● Your goal
The full listing, returned exactly and free of pictures, is the expected answer.

● Collected data
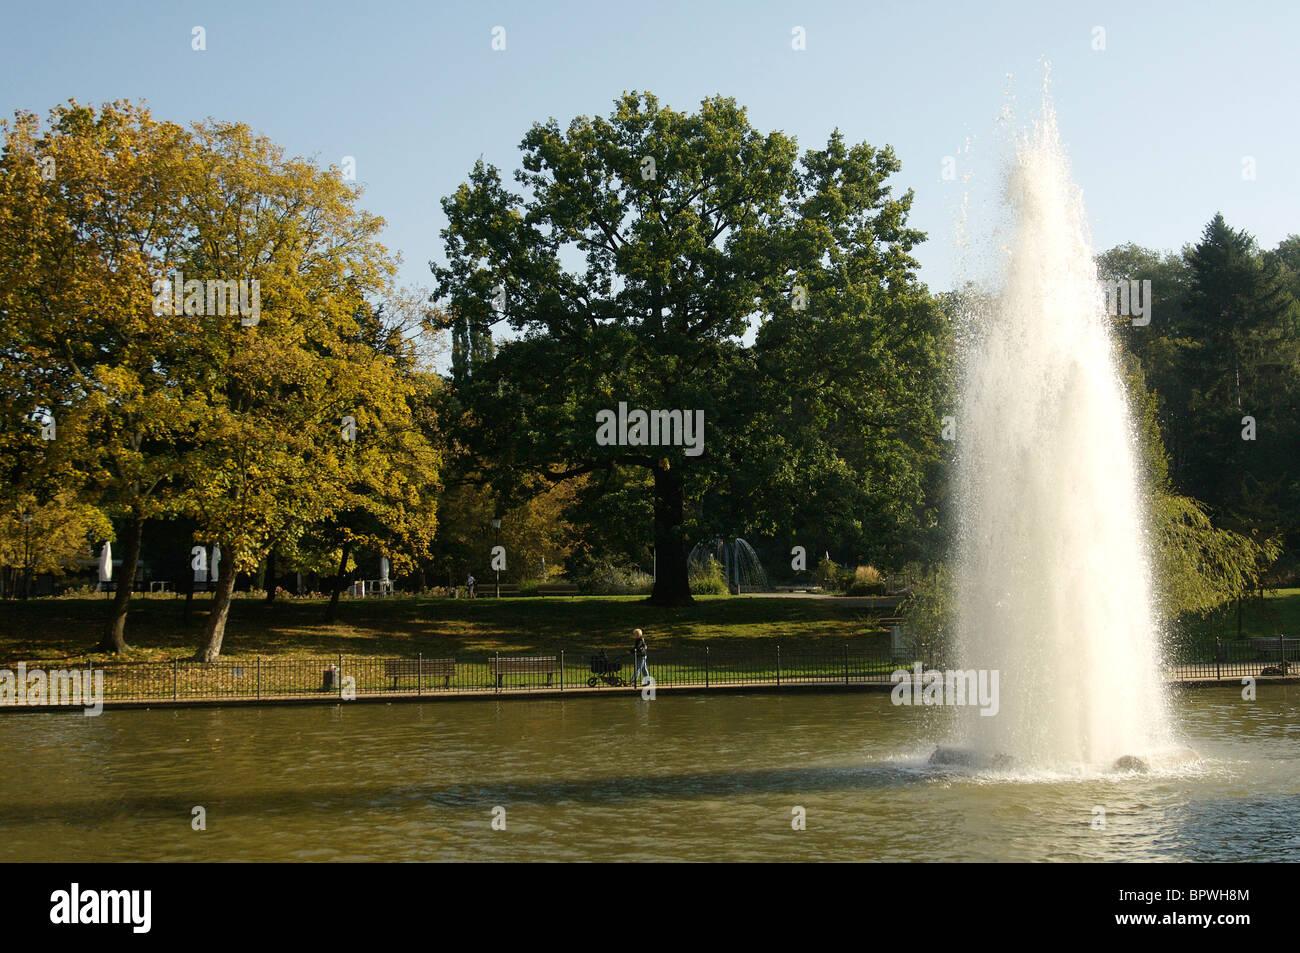 Fountain in the lake at Volkspark Friedrichshain park in Berlin - Stock Image
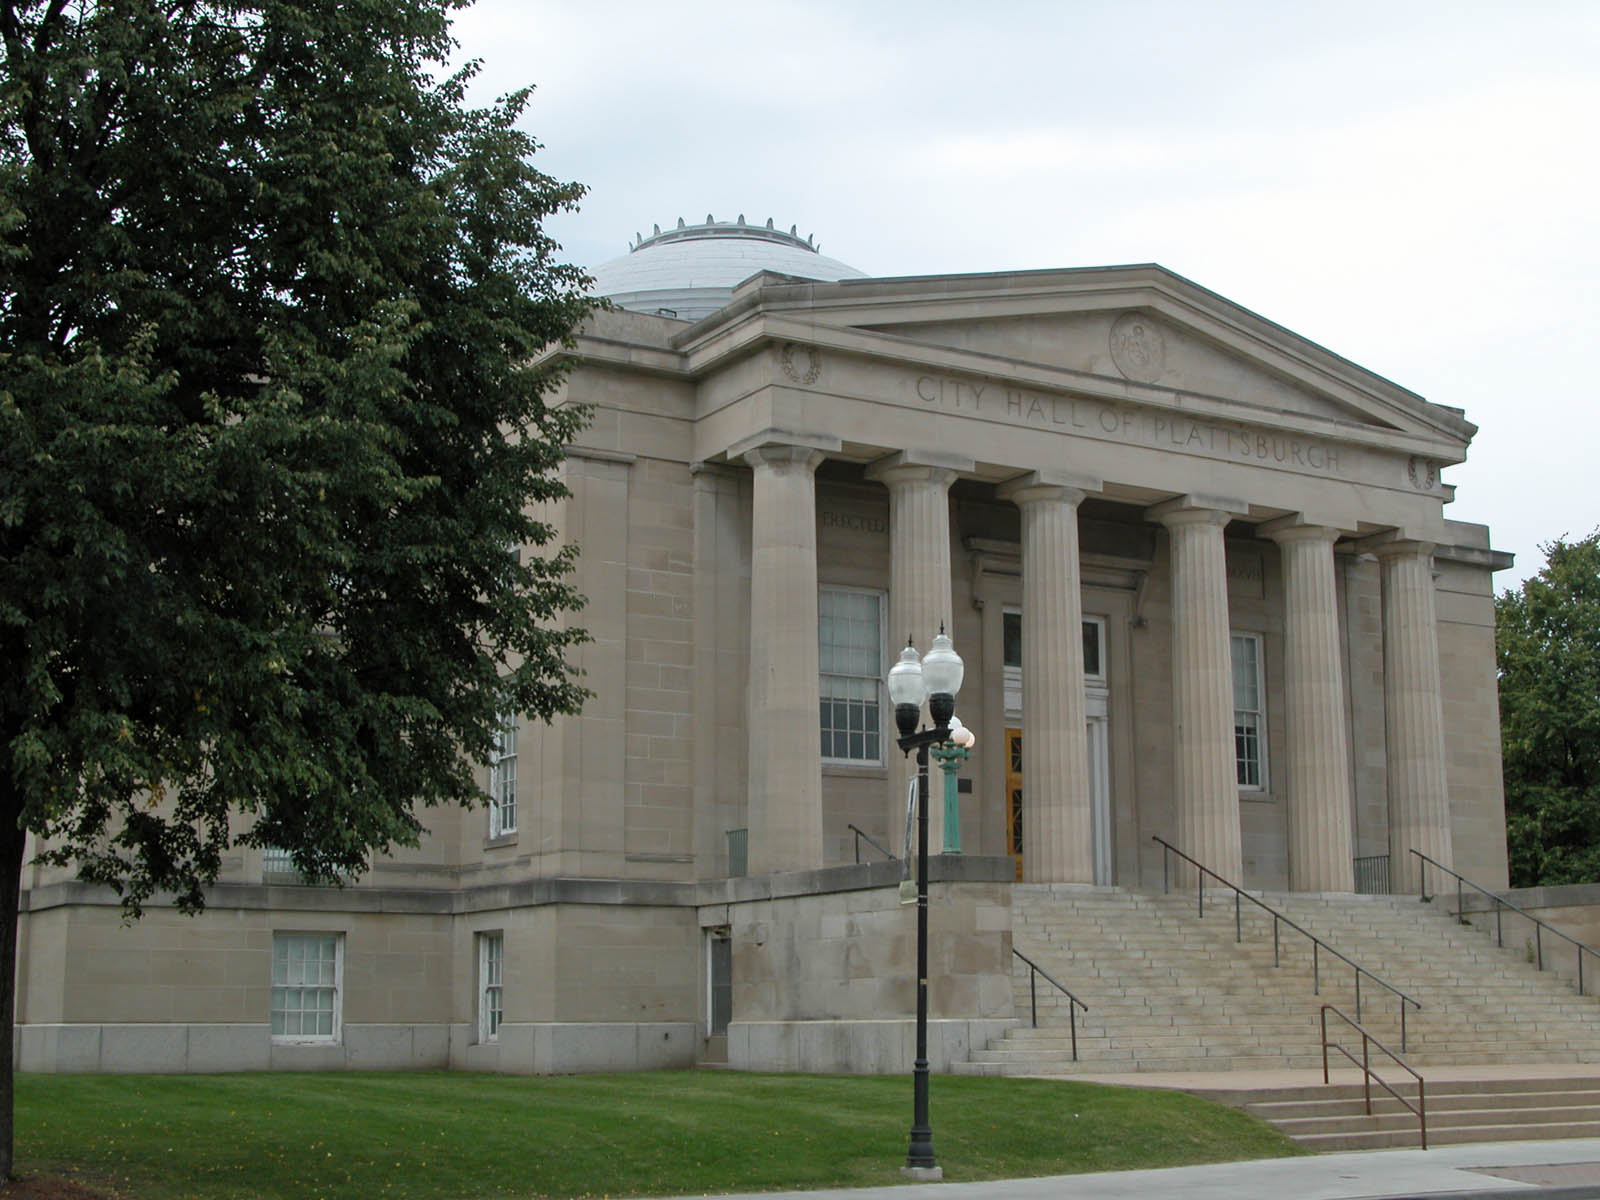 Plattsburgh Officials Discuss Implications Of Utility Shutoffs Post-COVID
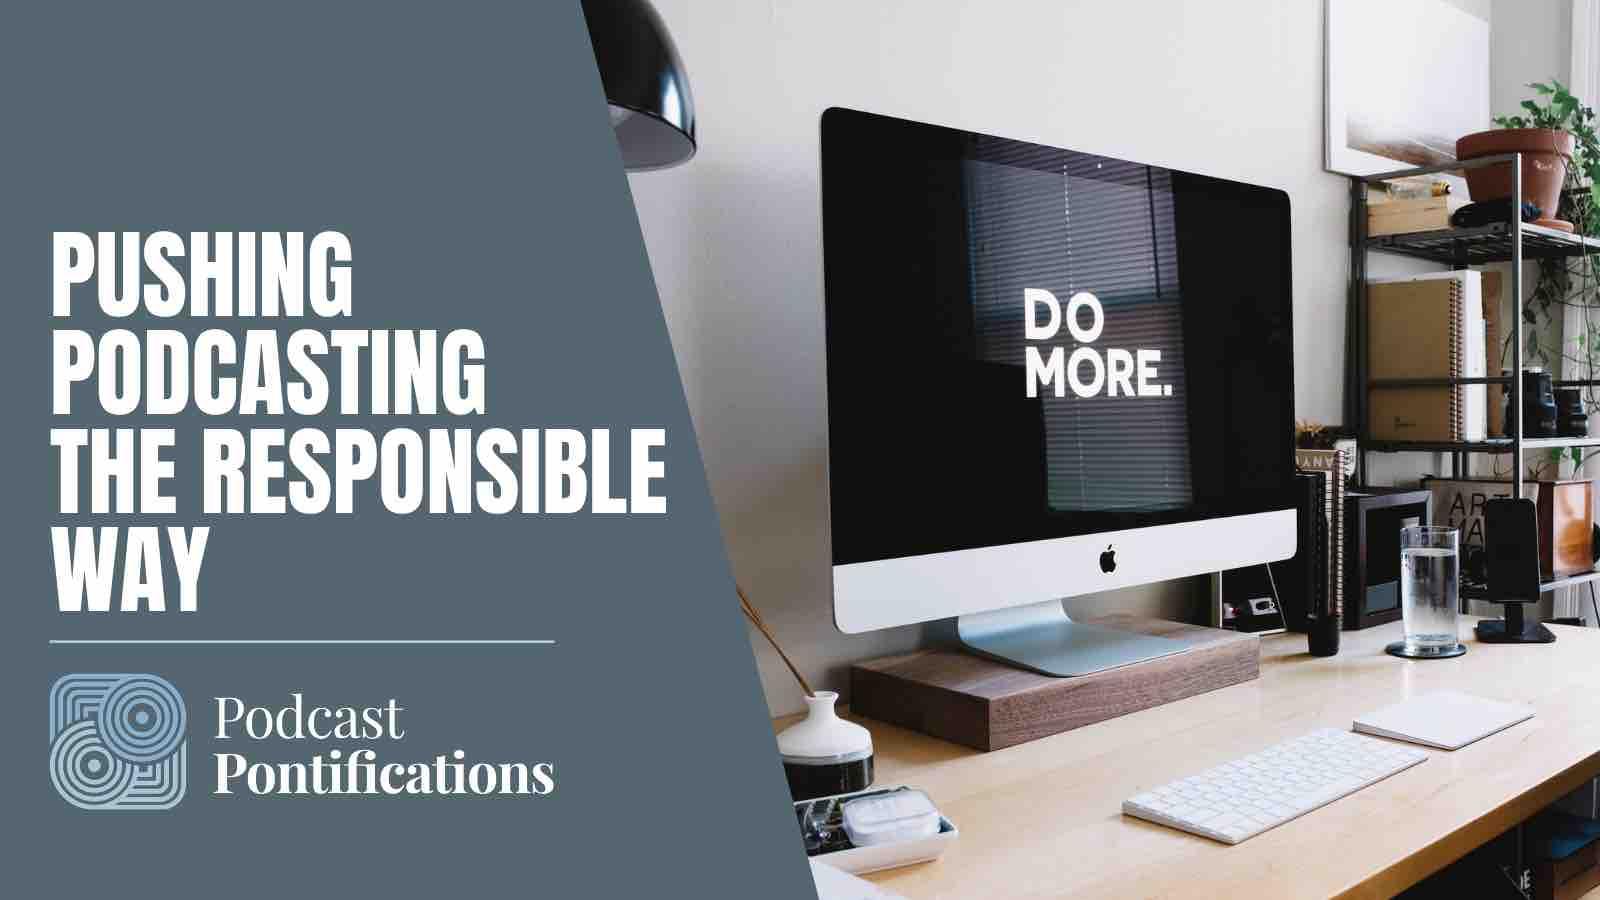 Pushing Podcasting The Responsible Way

● Problem solution
 Fountain in the lake at Volkspark Friedrichshain park in Berlin - Stock Image
 Plattsburgh Officials Discuss Implications Of Utility Shutoffs Post-COVID
 Pushing Podcasting The Responsible Way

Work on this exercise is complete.